Asteroid City (Wes Anderson, 2023)

Asteroid City levou-me a pensar no Mariano Llinás, naquele antológico quarto episódio de La Flor, desenhando para o espectador numa folha de papel a estrutura narrativa do filme que estávamos vendo. Também no Raúl Ruiz do labirinto de histórias de Combate do Amor em Sonho, expondo seu método na cena de abertura com o João Bénard da Costa, e combinando elementos pré-definidos em novas tramas e situações inesgotáveis. É nessa aproximação com cineastas que projetam seus filmes a partir de fabulações sobre a sua própria ficção que embarco, com interesse renovado, na atual fase da carreira de Wes Anderson.

A proposta aqui não é colocar Anderson em um pedestal que não lhe pertence, mas começar uma conversa sobre o que me seduz nessa cruzada quase solitária dele por uma Hollywood cada vez mais anódina, onde a regra parece ser o desprezo à personalidade. E afirmar que, desde O Grande Hotel Budapeste, mas principalmente nestes dois últimos filmes, A Crônica Francesa e Asteroid City, o diretor encontrou, por meio de um modelo metanarrativo, o tom ideal para dar forma à sua imaginação e à estética singular que aprimorou durante os anos.

Alguém, no grande e vasto mundo da internet, escreveu que Asteroid City poderia ser uma obra dirigida pelo Max Fischer, o deslocado jovem artista interpretado por Jason Schwartzman e com o qual Anderson representava a si mesmo em Rushmore. Quase três décadas depois e o cinema de Anderson, obcecado por dioramas e combinando diferentes formas de arte (cinema, teatro, literatura, pintura, animação, música, arquitetura), passa a construir novos mundos nos quais a grande atração não é exatamente a história representada, mas sim a própria construção desse mundo e das personagens em cena.

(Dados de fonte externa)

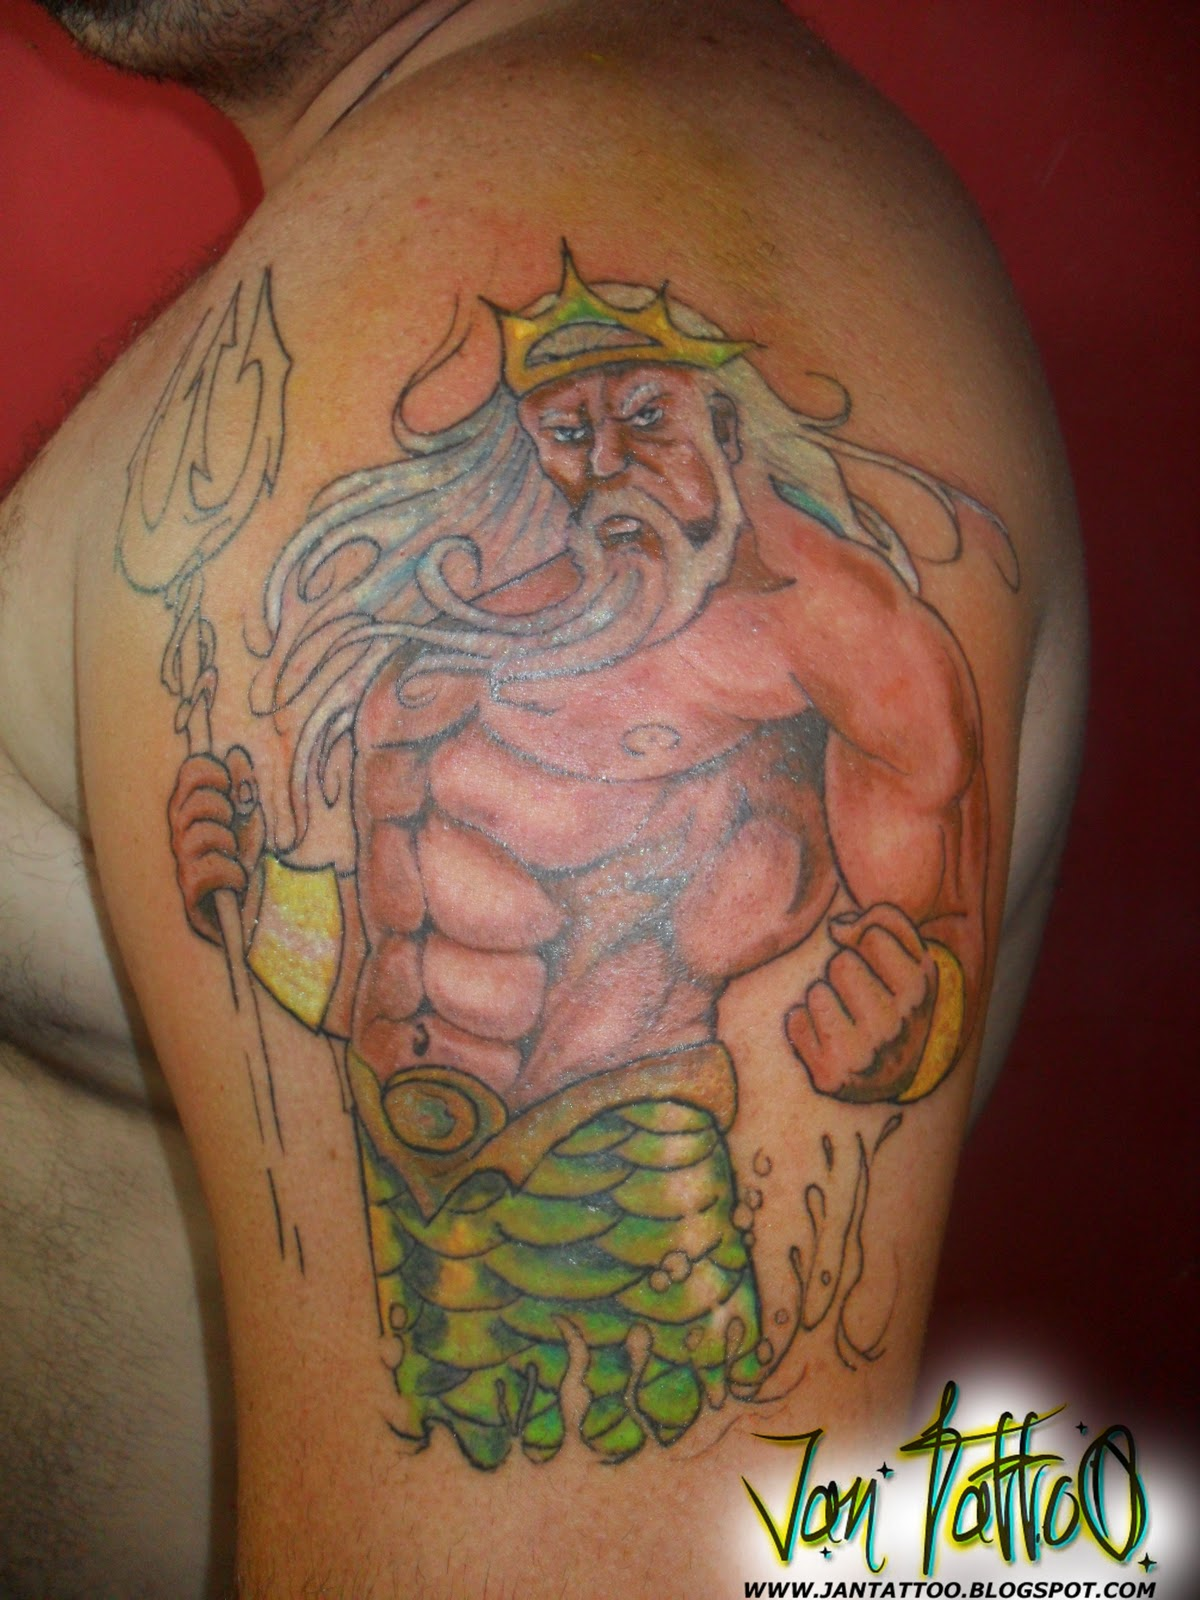 Татуировки с трезубцем фото

Filmes sobre o jovem Max Fischer criando a sua arte? Afinal, ambos têm em comum essa estrutura orbitando a figura de um autor/narrador, a partir do qual as histórias se desenvolvem, em fluxos de storytelling ao mesmo tempo melancólicos e cheios de energia juvenil. Em Asteroid City, Anderson ainda trata de ampliar essa estrutura, acrescentando diferentes níveis de realidade em torno da figura central do narrador, elaborando o filme a partir de um programa de televisão que registra os bastidores e a encenação de uma peça de teatro onde são acomodados os dramas e os supostos protagonistas da história. Supostos, pois, embora existam ali uma gama de personagens já bastante característicos do universo cinematográfico de Anderson, cada um com seus próprios conflitos dramáticos, opto pela leitura de que os verdadeiros protagonistas do filme não são aqueles que habitam a história-dentro-da-história, mas aqueles que a interpretam no palco encenado.

Em conjunto com esses atores, Anderson esmera-se na representação de um tempo e espaço que não viveu, mas que incidiu diretamente nos rumos da cultura dentro da qual cresceu durante a segunda metade do século XX: os paranóicos e esquisitos Estados Unidos dos anos 1950. E abusa de todos os artifícios disponíveis para materializar esse imaginário em tela, dialogando com o que essa cultura produziu de fascinante e perigoso durante e sobre o período: dos cartoons de Looney Tunes aos quadros de Edward Hopper, dos livros de Thomas Pynchon à popularização da televisão, da corrida espacial ao sci-fi, da paranóia anti-comunista ao boom da publicidade construída por meio do design e da fotografia, que materializava e difundia o maldito american way of life.

Se todos esses signos e referências estão reunidos em um mesmo filme, é justamente para reafirmar a crença do artista no poder da arte da representação para lidar com as dores e as memórias, sejam elas de um tempo, uma cultura ou um indivíduo. E se eu tivesse que escolher uma imagem para concluir essa ideia, ficaria com a atriz interpretada por Scarlett Johansson morta na banheira, emoldurada por uma janela, até que a ilusão da representação se desfaça no plano seguinte. You can’t wake up if you don’t fall asleep.